### WORK TASK
Pictures aside, please retype the whole listing word for word.

### THE DATA
____

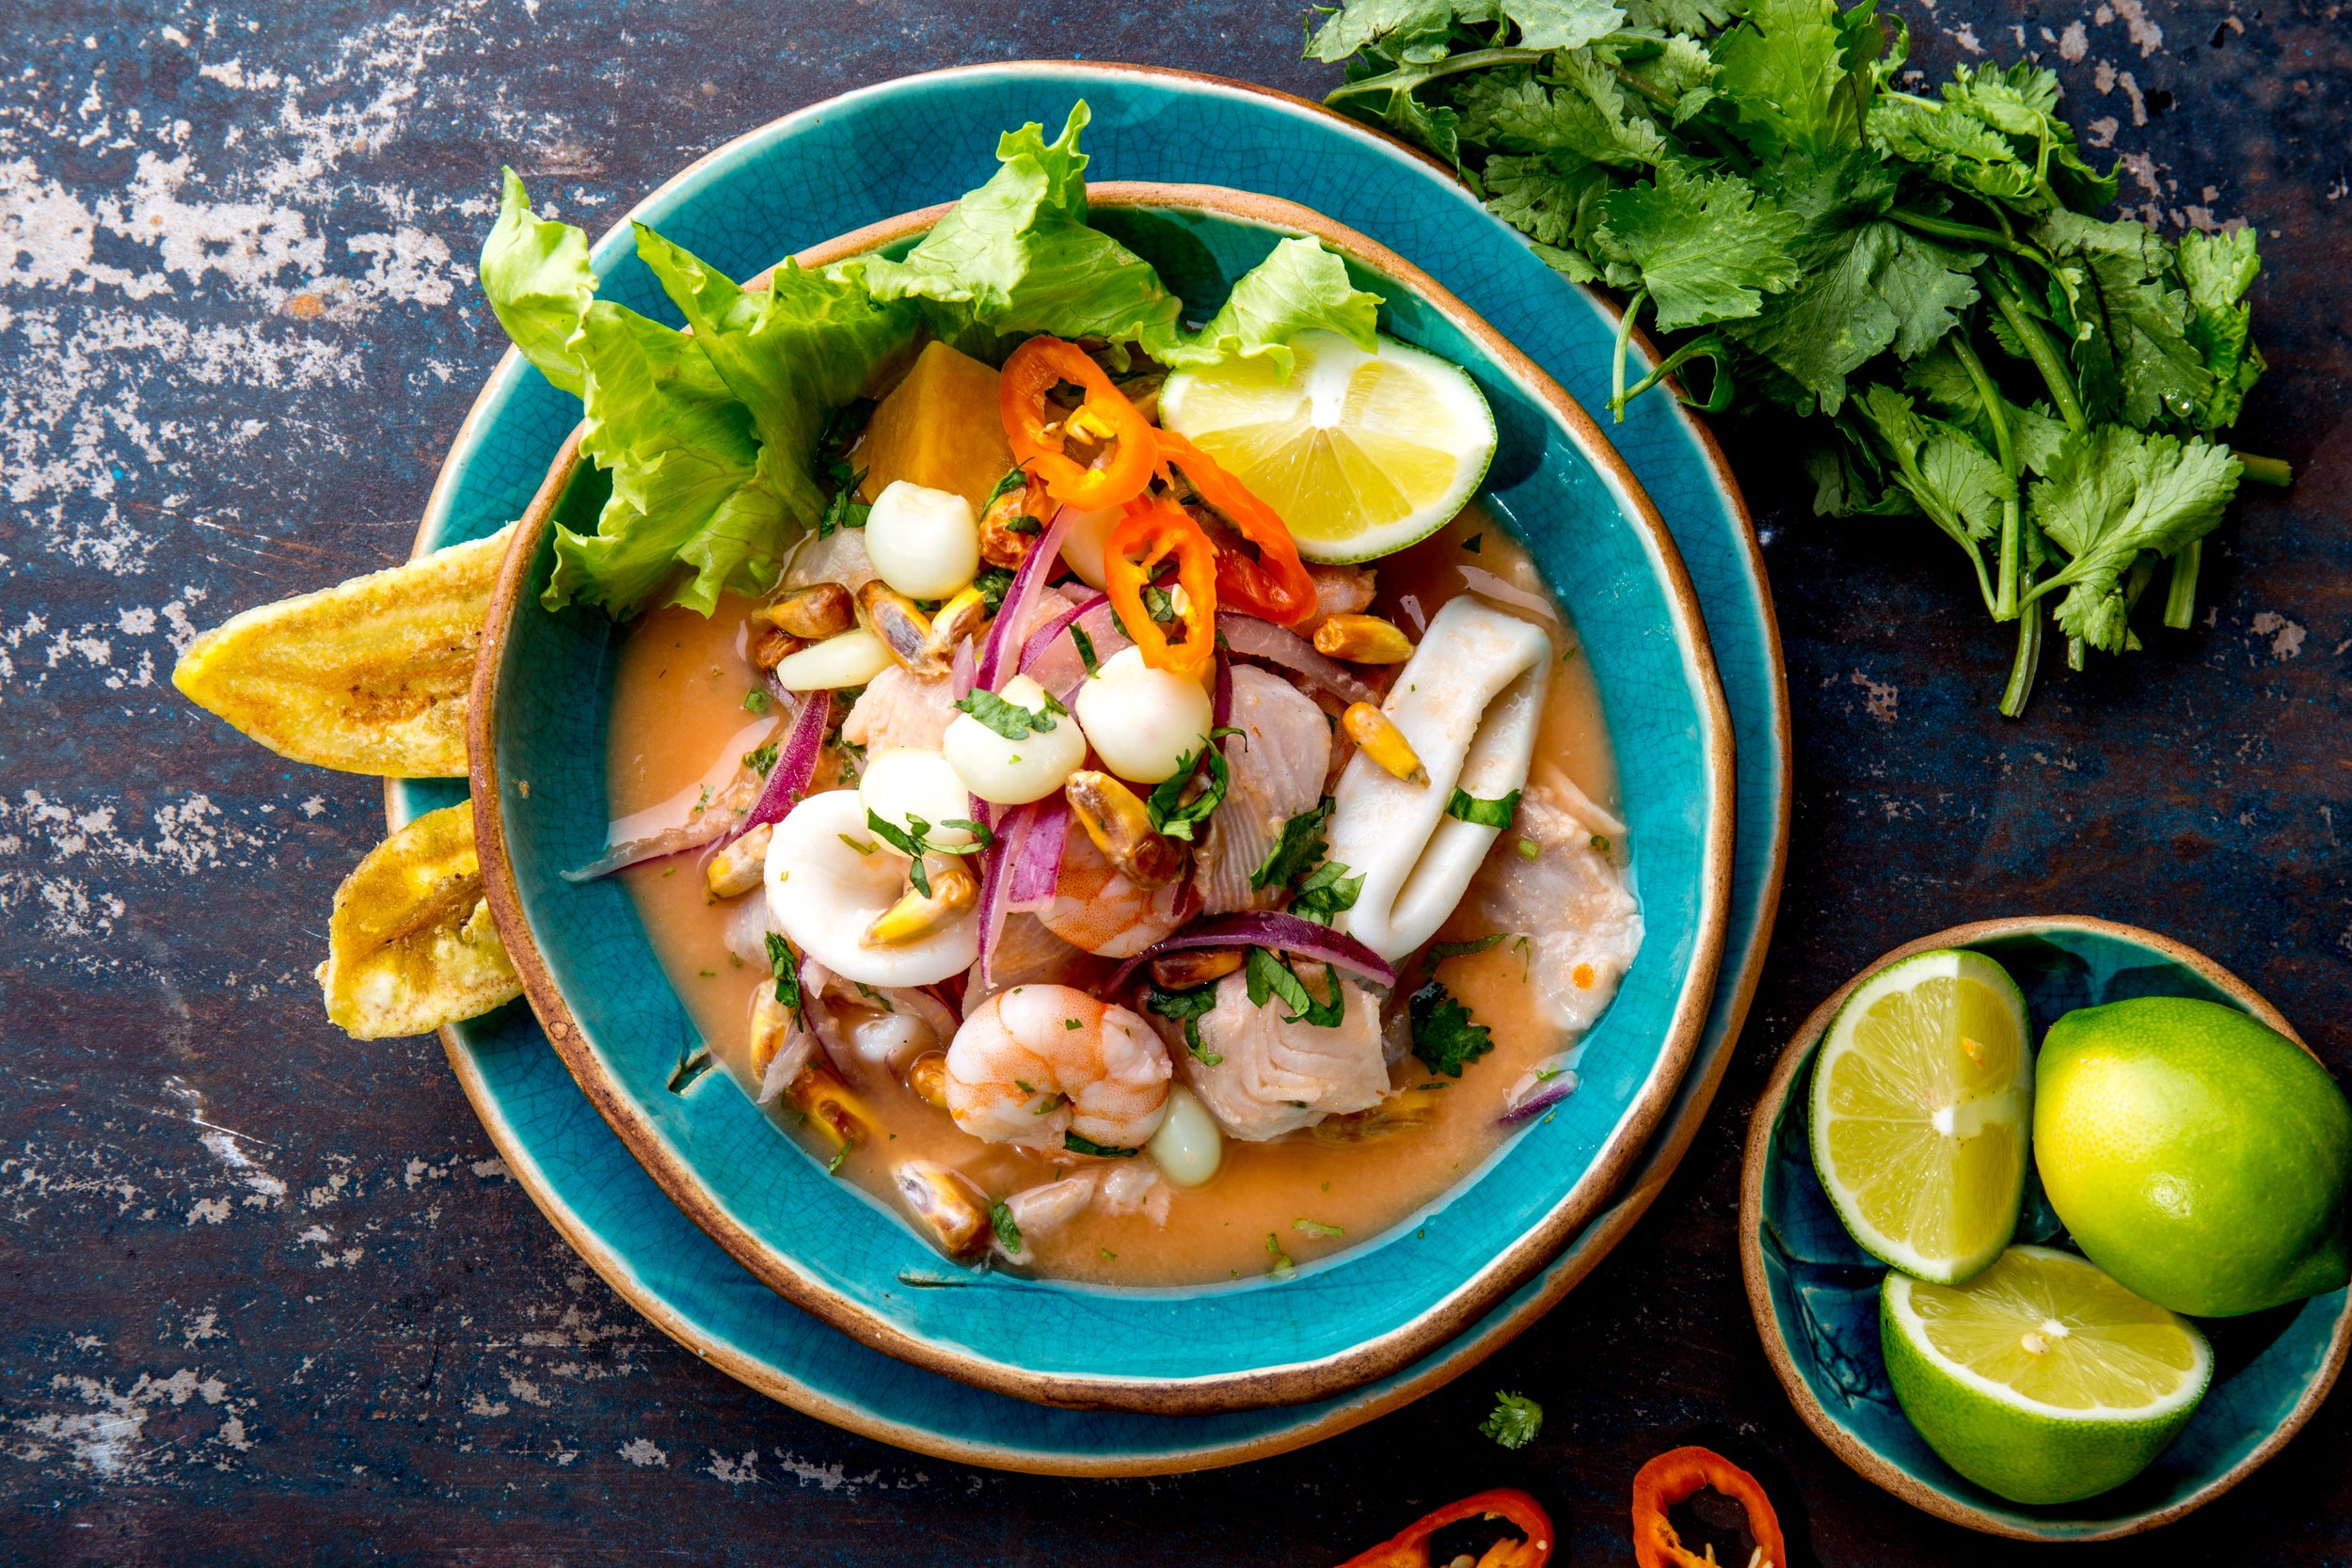 Enjoy ceviche and other Peruvian cuisine
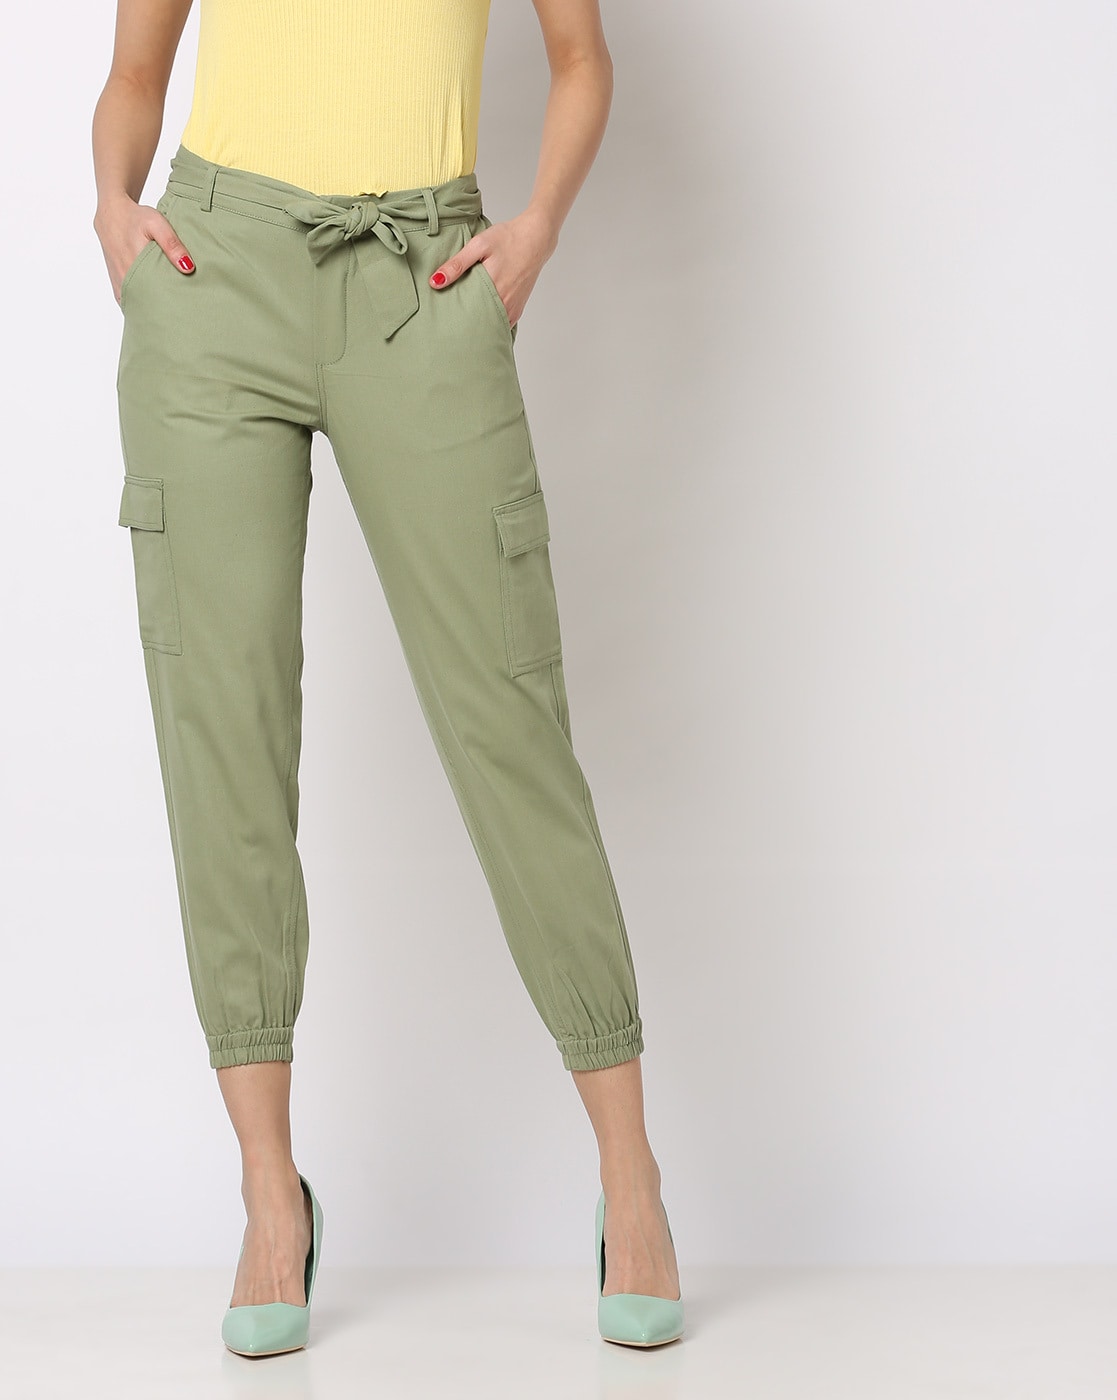 Buy Black Trousers & Pants for Women by Outryt Online | Ajio.com
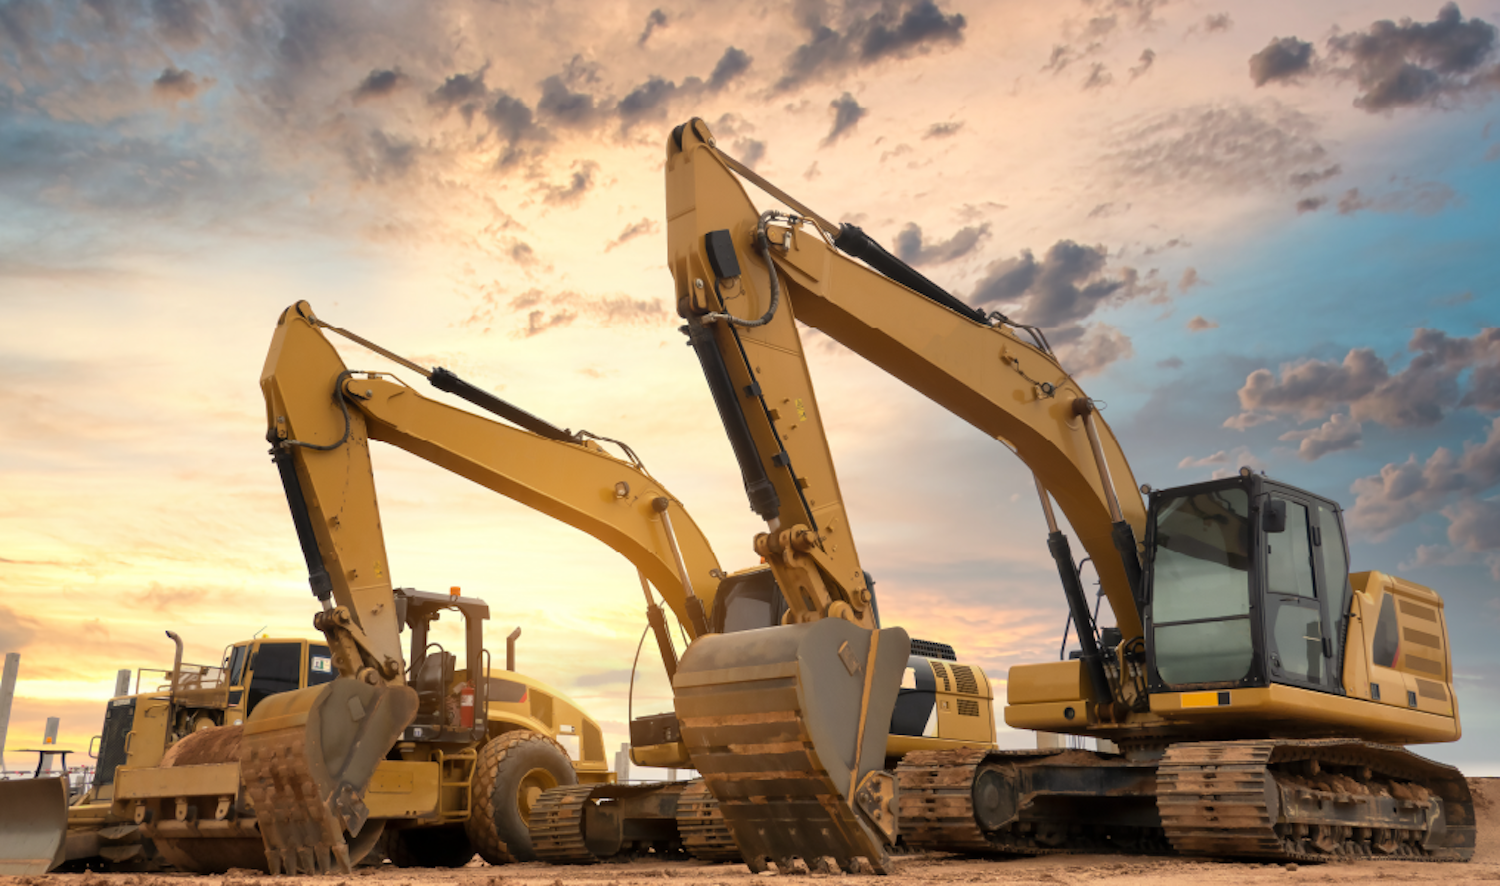 Construction machinery business

____

### YOUR SOLUTION
 Enjoy ceviche and other Peruvian cuisine
 Buy Black Trousers & Pants for Women by Outryt Online | Ajio.com
 Construction machinery business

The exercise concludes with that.